Don Juan, bir an durakladıktan sonra “Çocuk ruhunla vermiş olduğun bi sözdü bu.” dedi.
“Ne söz vermiştim?”
Yanıtlamadı, Gözleri kapalıydı. İstemeksizin gülümsedim. Onun, aslında bir şey bilmediğine emindim, ama, ben başlattığım oyunun o ilk coşkusunu yitirmiş gibiydim.

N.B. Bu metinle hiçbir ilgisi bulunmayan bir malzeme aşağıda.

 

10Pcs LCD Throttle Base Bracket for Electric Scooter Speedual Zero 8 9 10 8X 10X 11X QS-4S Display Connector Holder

Don Juan, “Sıska bi çocuktum,” diye sürdürdü, “hep korkar dururdum.”
“Ben de,” dedim.
Anısı ona hâlâ acı veriyormuş gibi yumuşak bir sesle, “En çok aklımda kalan Meksikalı askerlerin anamı öldürdükleri zaman duyduğum korku ve yastır,” dedi. “Yoksul, alçakgönüllü bi kadındı. O zaman ölmüş olması belki de daha iyi oldu. Küçüktüm, beni de birlikte öldürmelerini istiyordum. Ama, askerler yalnızca dövdüler beni. Anamın ölüsüne sarıldığımda, parmaklarımı kamçılayarak beni ayırdılar. Acı falan duyduğum yoktu, ne var ki ellerim tutmuyordu. Sonra sürüklediler beni.”

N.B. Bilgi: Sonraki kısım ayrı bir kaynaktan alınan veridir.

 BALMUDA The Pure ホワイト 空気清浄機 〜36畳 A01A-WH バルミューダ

Susmuştu. Gözleri kapalıydı, dudaklarının belli belirsiz titrediğini seziyordum. Derin bir üzünç içindeydim. Kendi çocukluğuma değin imgeler üşüştü zihnime.
Sırf üzüntümü dağıtsın diye sordum: “Kaç yaşındaydın o zaman, don Juan?”

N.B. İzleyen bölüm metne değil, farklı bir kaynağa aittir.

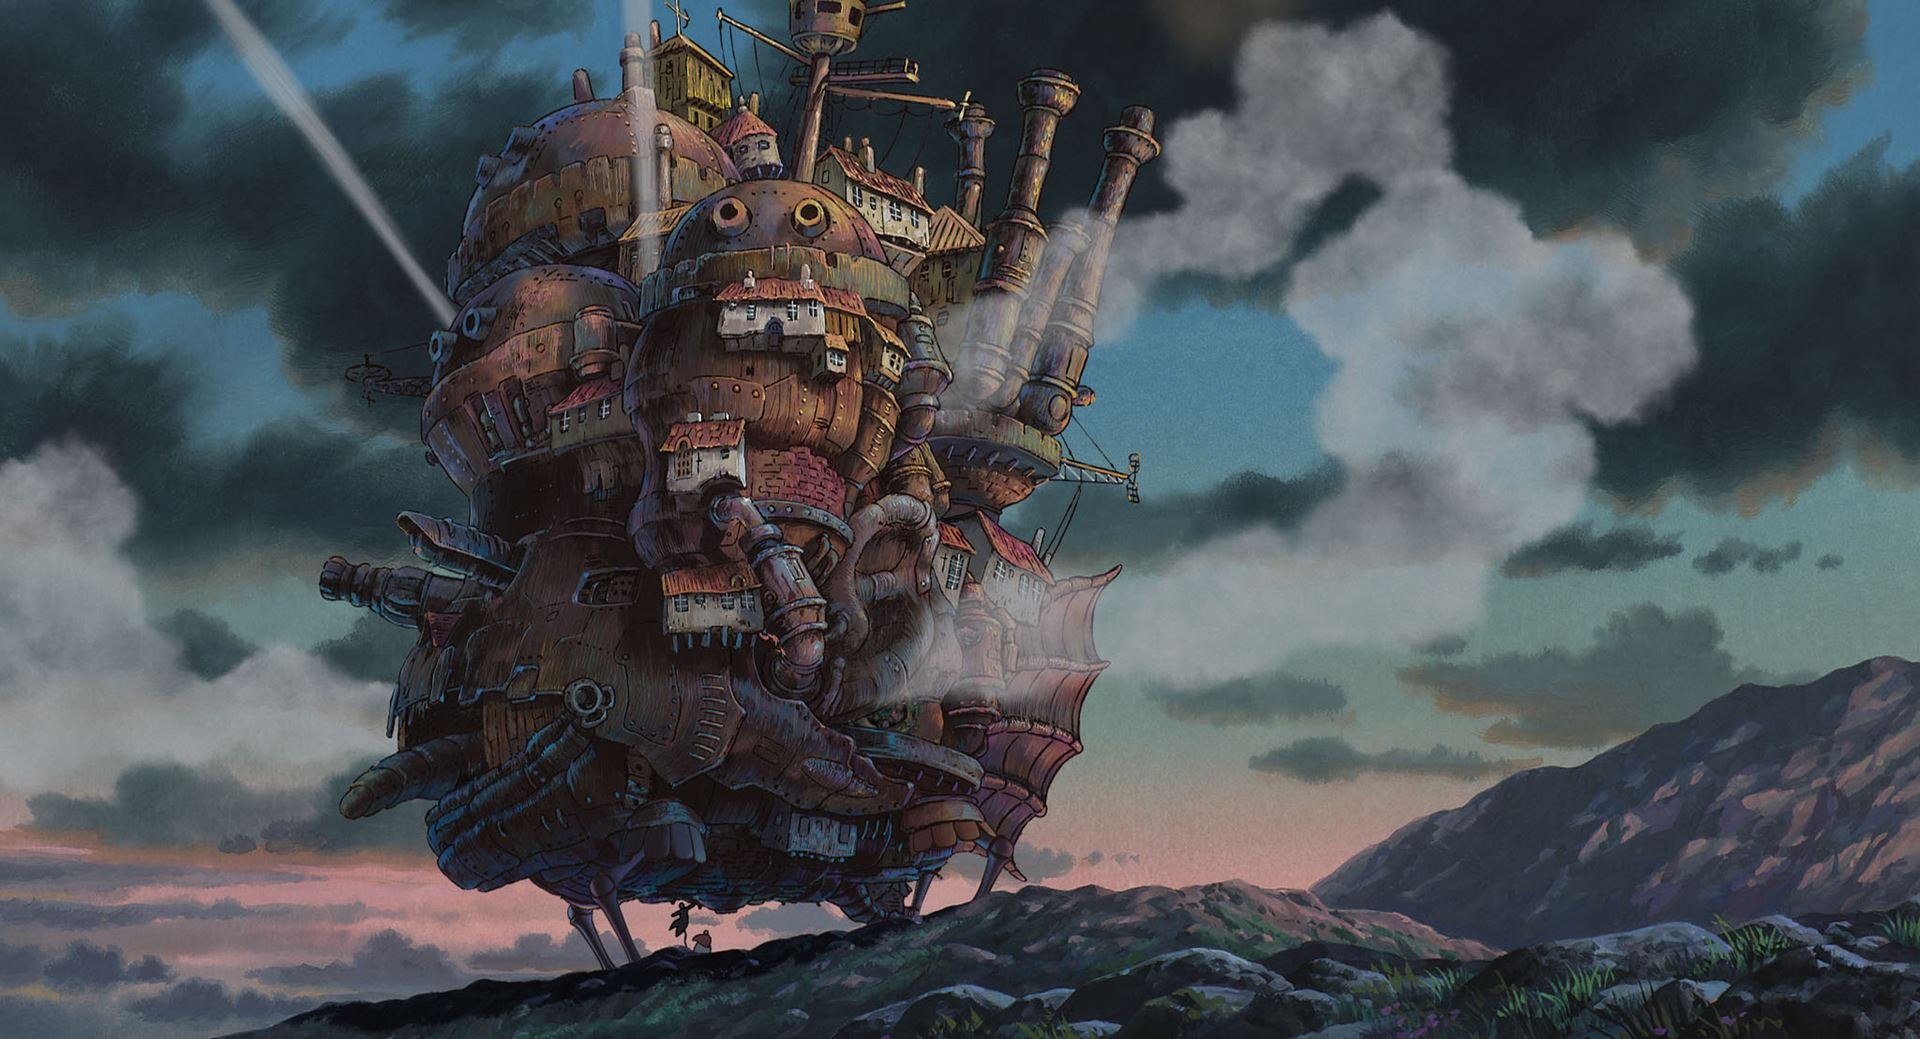 howls moving castle movie full free pm;ome

“Belki de yedi. Büyük Yaqui savaşçılarının olduğu sıralar. Anam yemek pişirirken saldırmıştı Meksikalı askerler. Zavallı kadıncağız! Durup dururken öldürdüler onu. Öyle ölmüş olması fark etmez aslında; ama benim için öyle mi ya? Sorarım hep kendime, nedenini; ne diye öyle öldü diye... Babamı da öldürdüler sanıyordum. Ama öldürmemişler. Yaralamışlar. Sonradan, bizi bi trene kodular-sığır gibi; kapısını kapadılar. Günlerce, öyle hayvanlar gibi, karanlıkta bıraktılar bizi.
“Ama babam yaraları yüzünden ölmüştü o vagonda. Acılar ve ateşler içinde kıvranıp sayıklıyor, boyuna, yaşamam gerektiğini söylüyordu bana. Yaşamının son saniyesine kadar yineleyip durmuştu bunu.
“Ordakiler bana bakıyorlar, beni besliyorlardı. Yaşlı bi kadın elimin kırıklarını sarmıştı. İşte, gördüğün gibi, yaşamaktaydım. Yaşamıma iyidir ya da kötüdür diyemem. Yalnızca, zor oldu diyebilirim. Yaşam zordur, hele bi çocuk için, çok korkunç bi şeydir.”